I ended up giving him 1/2 lb and he seemed to love it. I did not grind it though... I had no idea how hard it would be to cut it up so I ended up cutting it with scissors- fun!


----------



## Chris Corini (Dec 6, 2011)

raw tripe is good but it cant be the bleached tripe you find at your supermarker..it should be greenich..and i would say once a week is plenty..1/2 is good


----------



## Selena van Leeuwen (Mar 29, 2006)

We give 1meal/day. 1-1.5kg for a meal (green tripe) in 1piece as possible. In the litter i (actually dick) cut it up in 5x5cm or so. 7 wks old get bigger pieces. A16 wk old the same as the adults ;-)


----------



## Lynn Cheffins (Jul 11, 2006)

Sally if it isn't ground and you are having trouble cutting it it is esier to cut if it is semi-frozen or chop with an axe if frozen.


----------



## Connie Sutherland (Mar 27, 2006)

Chris Corini said:


> raw tripe is good but it cant be the bleached tripe you find at your supermarker..it should be greenich..and i would say once a week is plenty..1/2 is good



Hi, Chris!

Please don't forget to do an intro/bio post at http://www.WorkingDogForum.com/vBulletin/f20/


----------



## Connie Sutherland (Mar 27, 2006)

Jane Jean said:


> I usually give a heaping spoonful (about 4oz) of tripe per meal. It can be the whole MM portion of the meal.

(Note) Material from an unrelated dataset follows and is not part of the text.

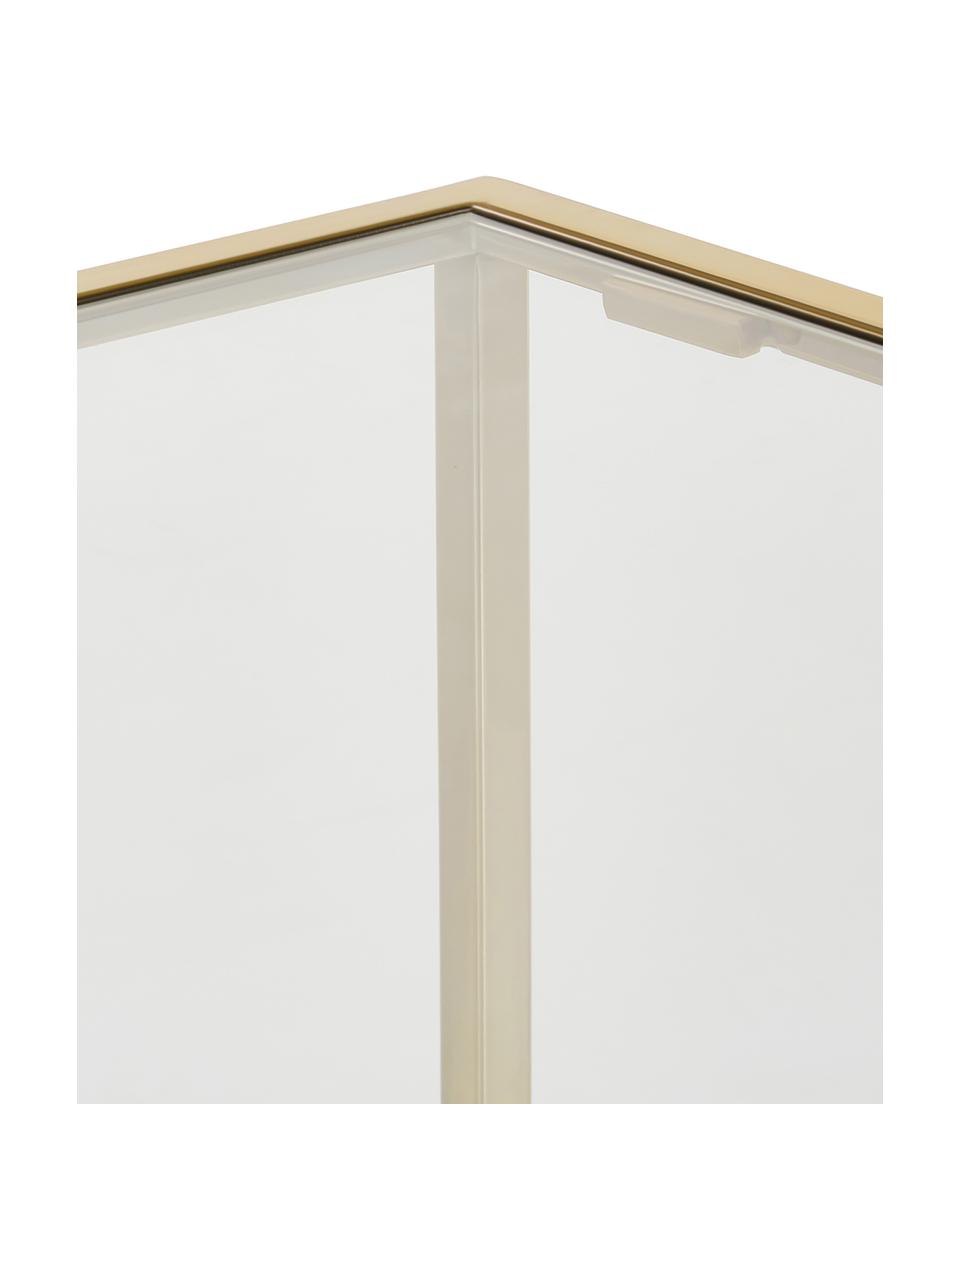 Mesa auxiliar Maya, tablero de vidrio, Tablero: vidrio laminado, Estructura: metal galvanizado, Transparente, dorado, An 45 x Al 50 cm
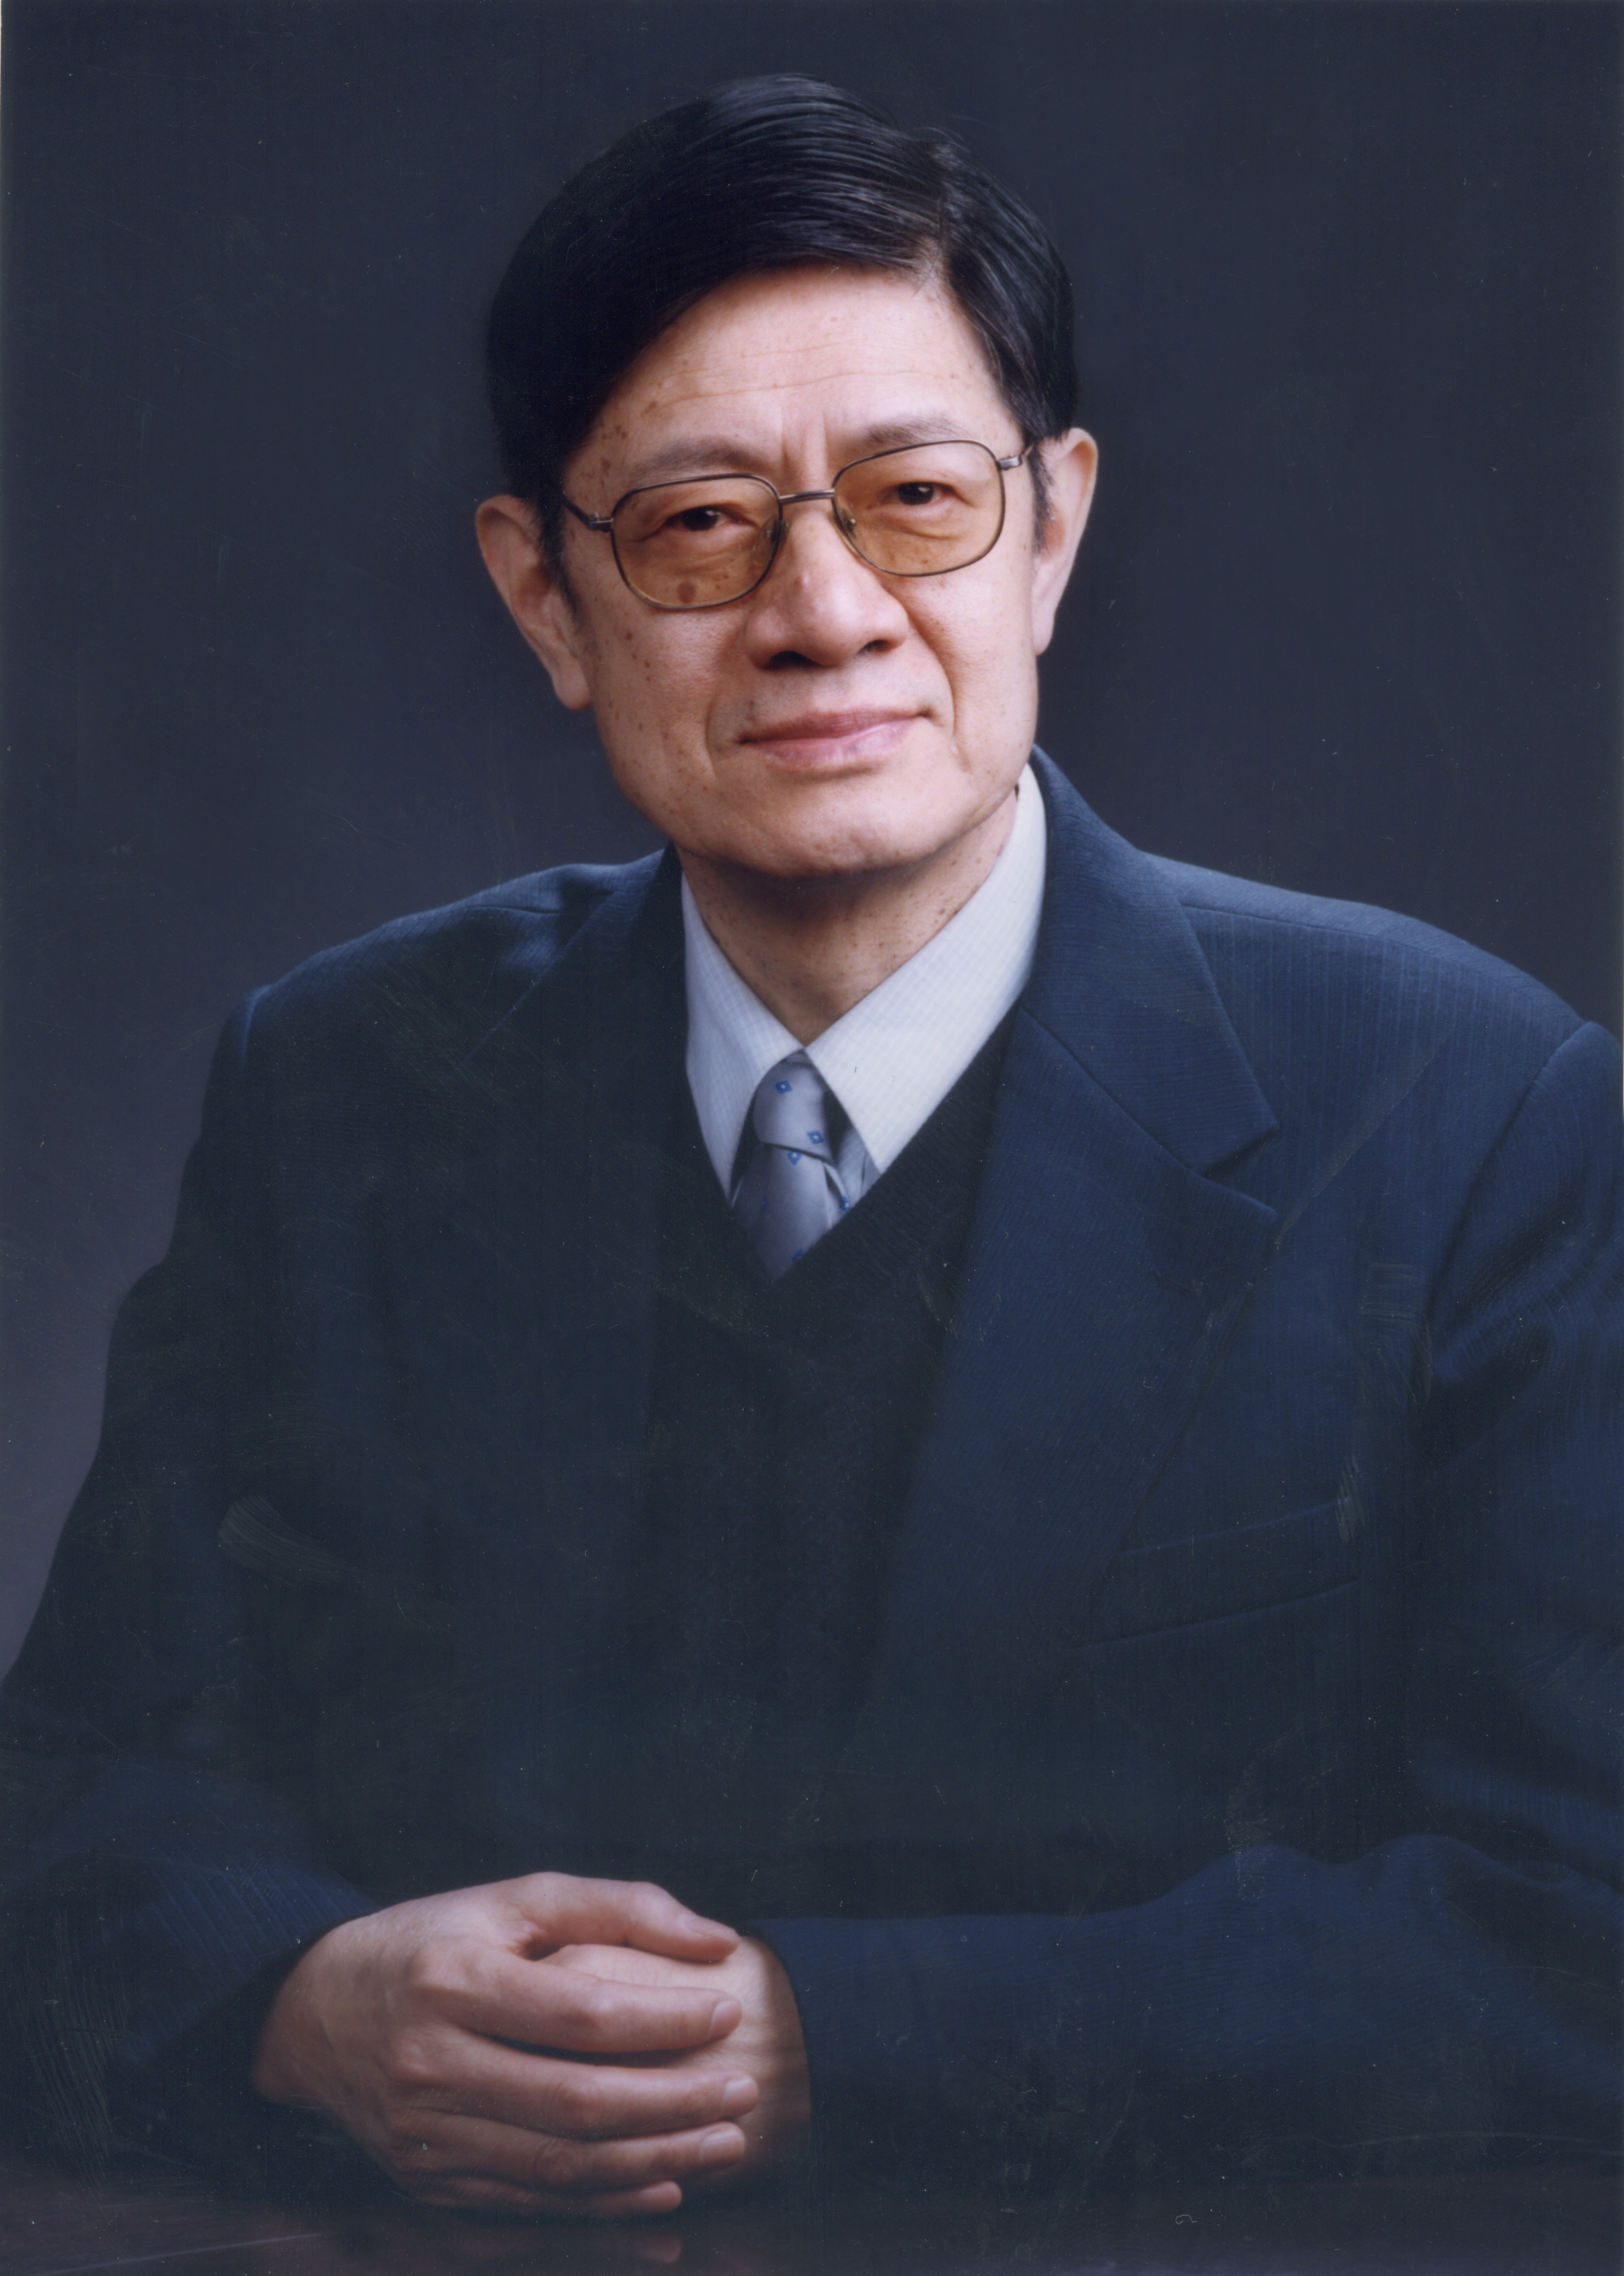 Zhang Zhuoyuan

That's about what I give when I have it. The small dogs get about half that.


----------



## Ken Seminatore (Apr 20, 2011)

I sure recall my visits to Paul Hombac in Wisconsin, true old time schuz. german trainer. Yes, he did feed this tripe for all his dogs, but I remember he boiled it in a huge pot. IOf course, he mixed the tripe with his favorite dry food. I do not feed raw tripe, I do feed excellent raw meat product that I get at several local suppliers. My Malinois is pushing 15 years and still very active, I have to accept this raw food meat has really meant why he is still working.


----------



## Connie Sutherland (Mar 27, 2006)

Ken Seminatore said:


> I sure recall my visits to Paul Hombac in Wisconsin, true old time schuz. german trainer. Yes, he did feed this tripe for all his dogs, but I remember he boiled it in a huge pot.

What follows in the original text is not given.